Directions >>
From the line containing "Il gioco spagnolo" through the last line of the entries below, transcribe each line exactly, excluding any picture.
--- Input records Enclosed Below ---
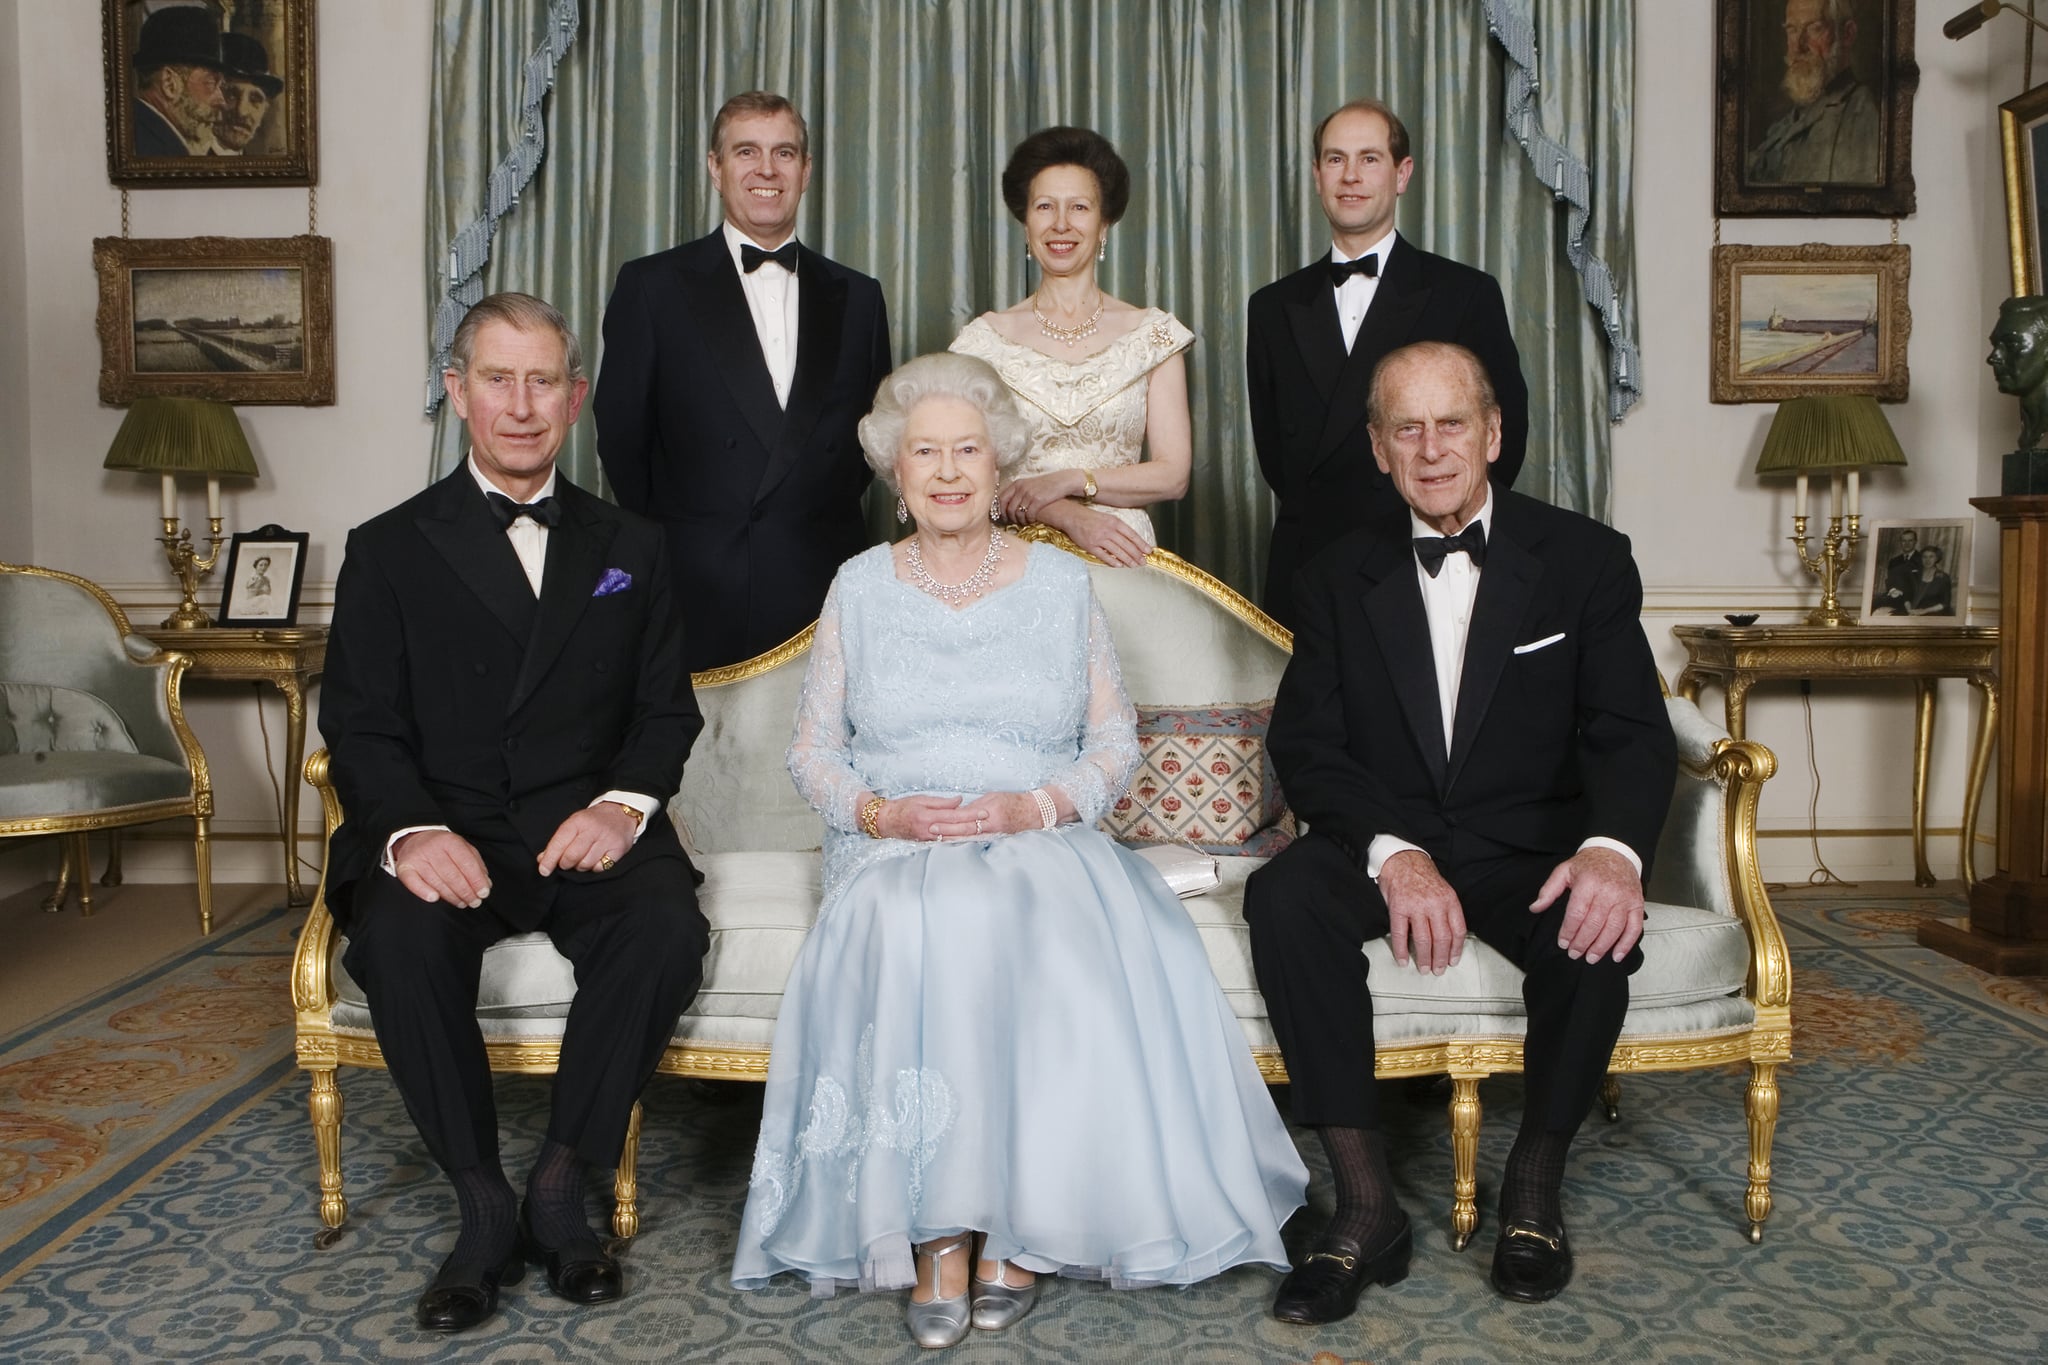 Queen Elizabeth II with her husband and children in 2007
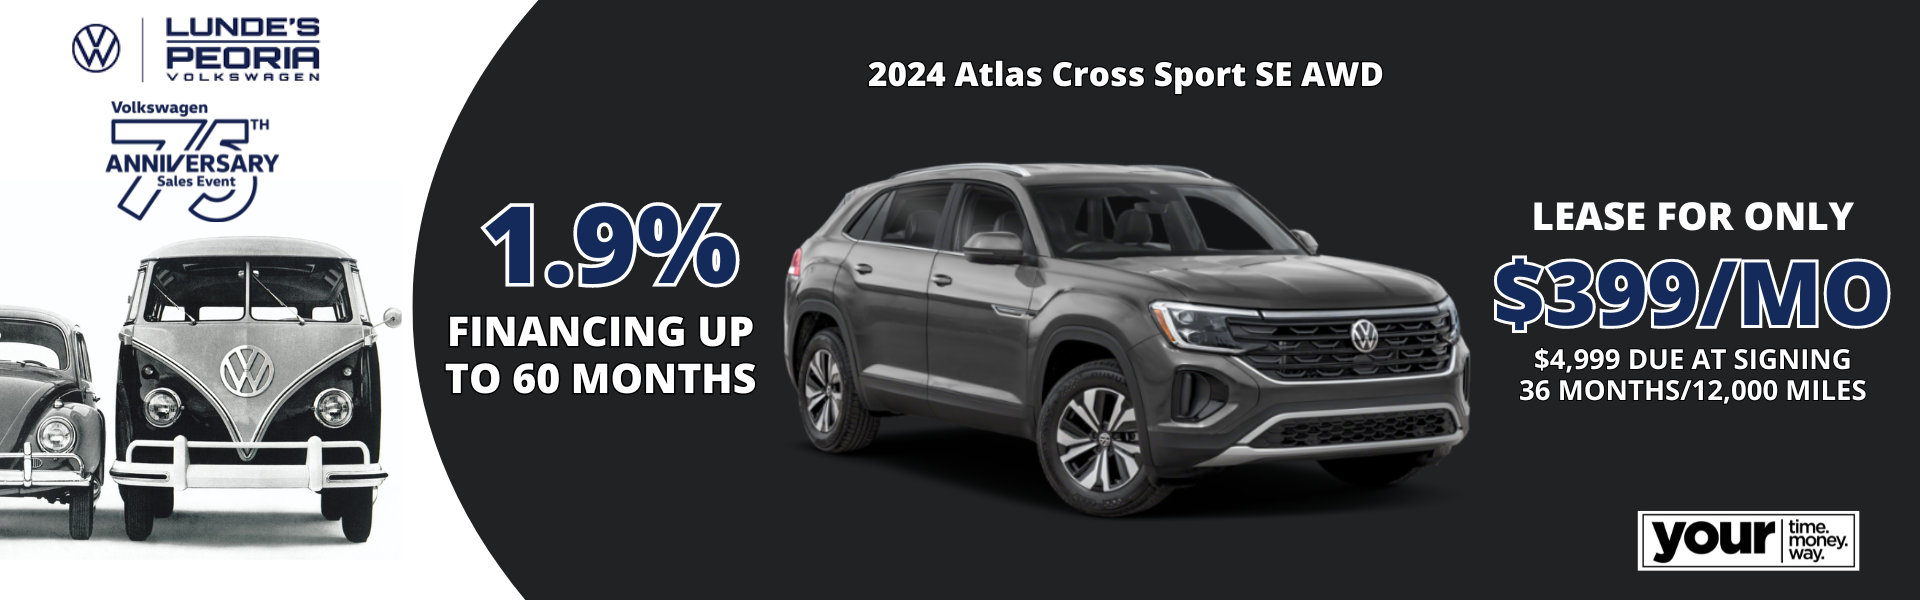 2024 Atlas Cross Sport SE AWD
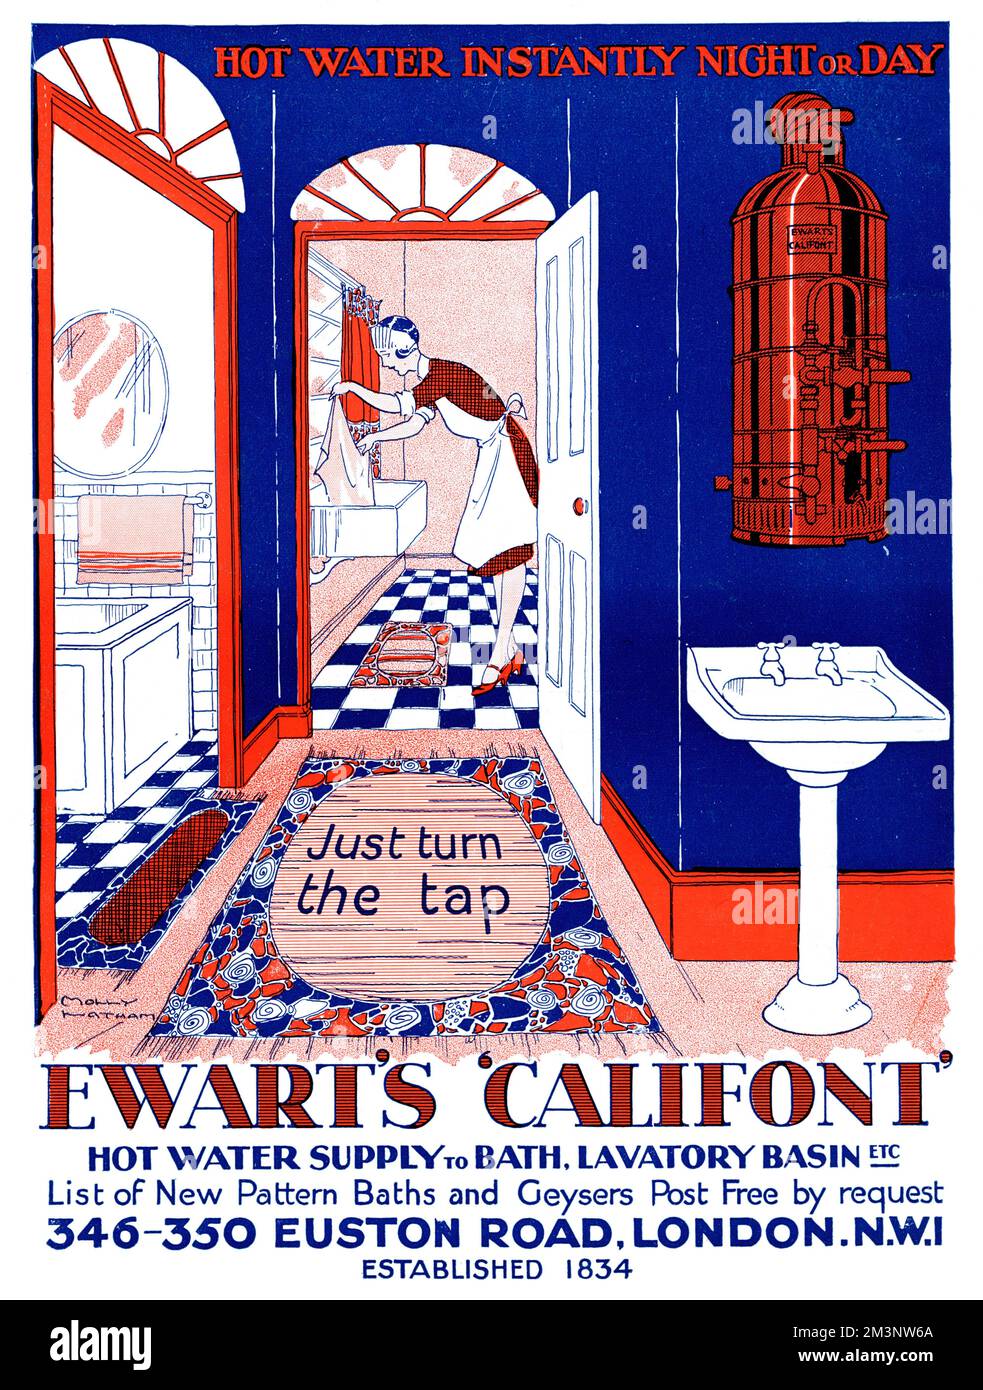 Werbung für Ewart's Califont Heißwasserversorgung, die Ihnen empfiehlt, einfach den Hahn zu drehen, um heißes, fließendes Wasser zu genießen. Neben einem Badezimmer wäscht ein Zimmermädchen in einem großen Butlerwaschbecken. Datum: 1927 Stockfoto
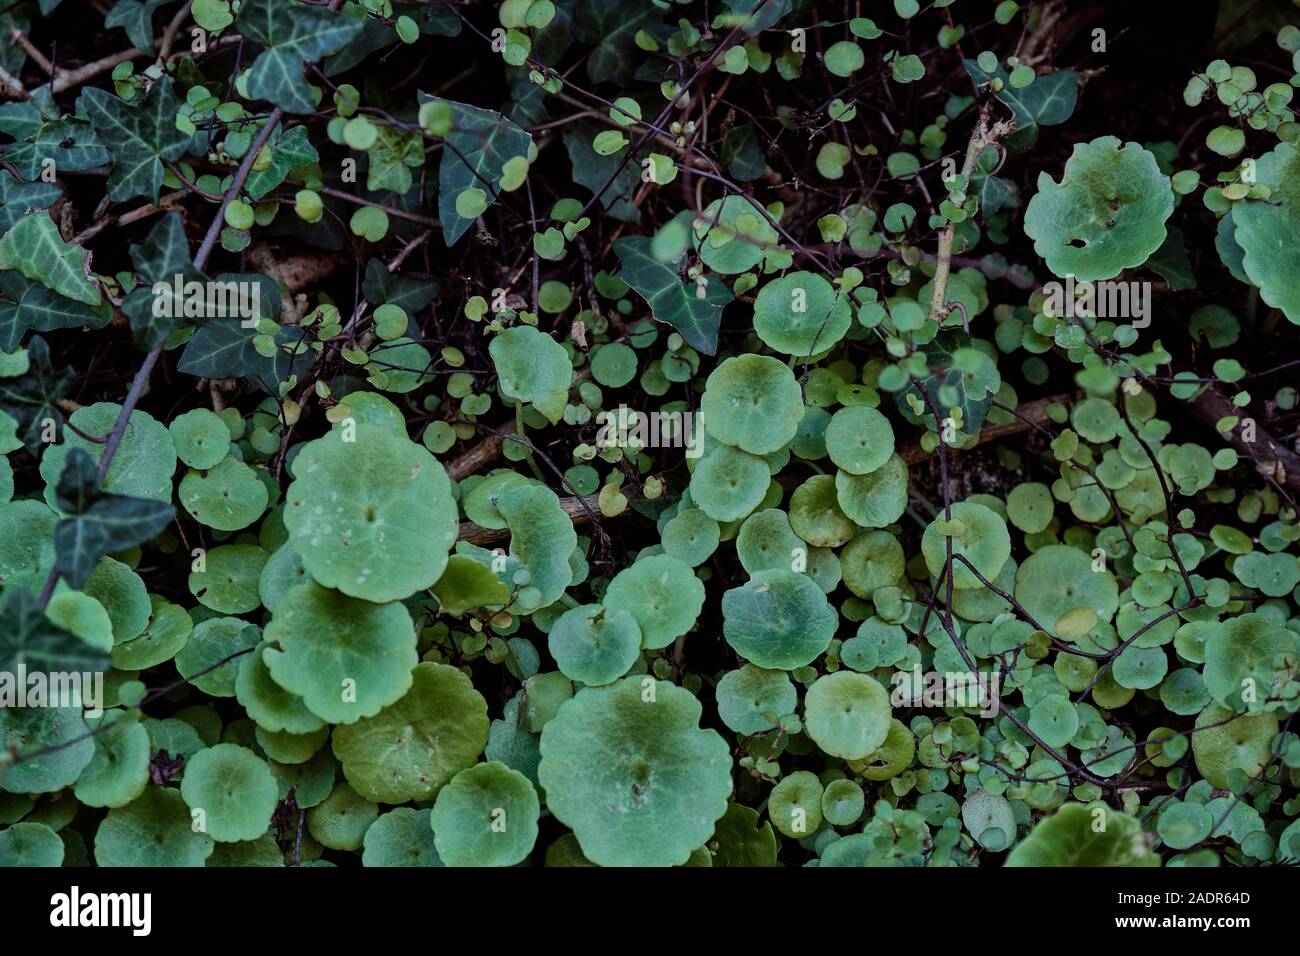 Dettagli di una parete verde con diversi tipi di piante Foto Stock
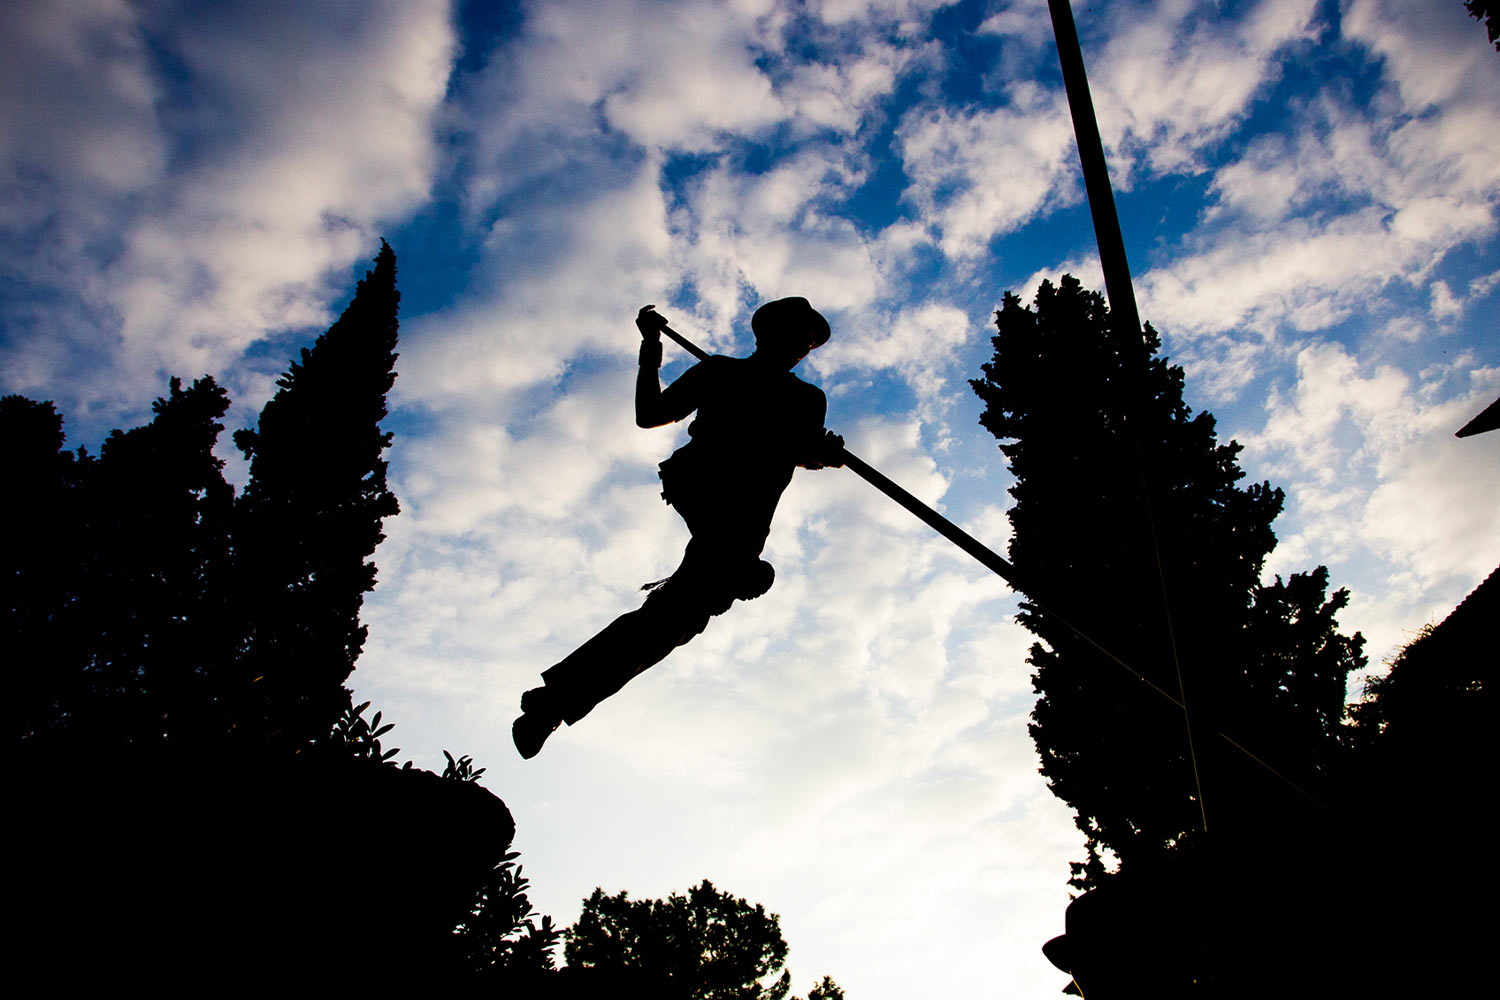 Il gioco spagnolo del Salto del pastor, tra i protagonisti del festival Tocatì di Verona ©Max Samaritani
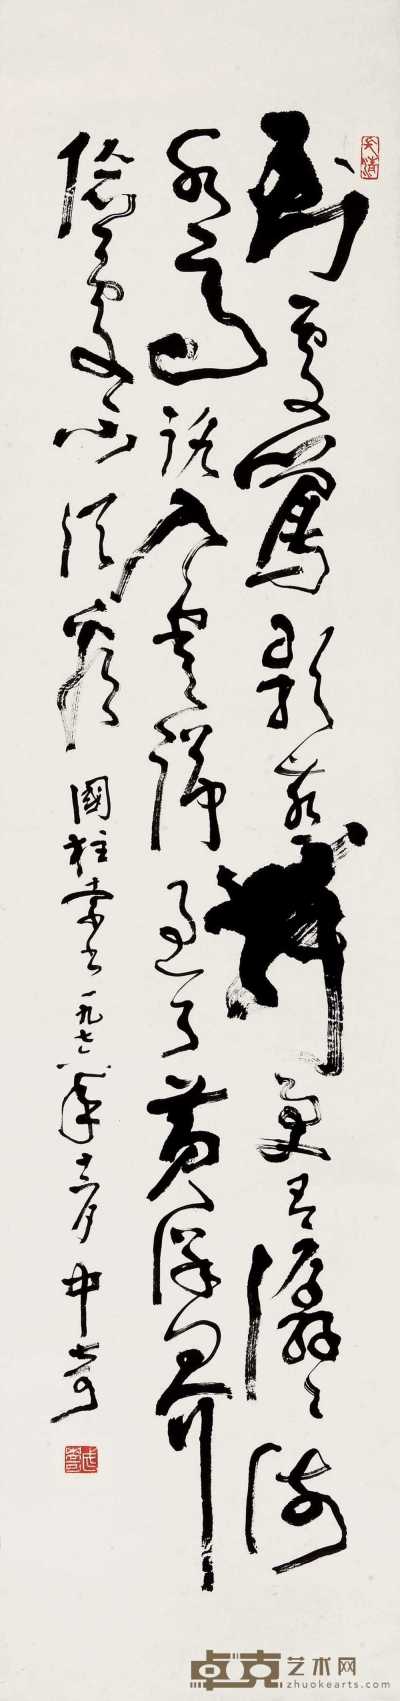 武中奇 1976年作 草书条幅 立轴 139×35.5cm
--- End of Enclosed Input records ---
Result >>
 Il gioco spagnolo del Salto del pastor, tra i protagonisti del festival Tocatì di Verona ©Max Samaritani
 武中奇 1976年作 草书条幅 立轴 139×35.5cm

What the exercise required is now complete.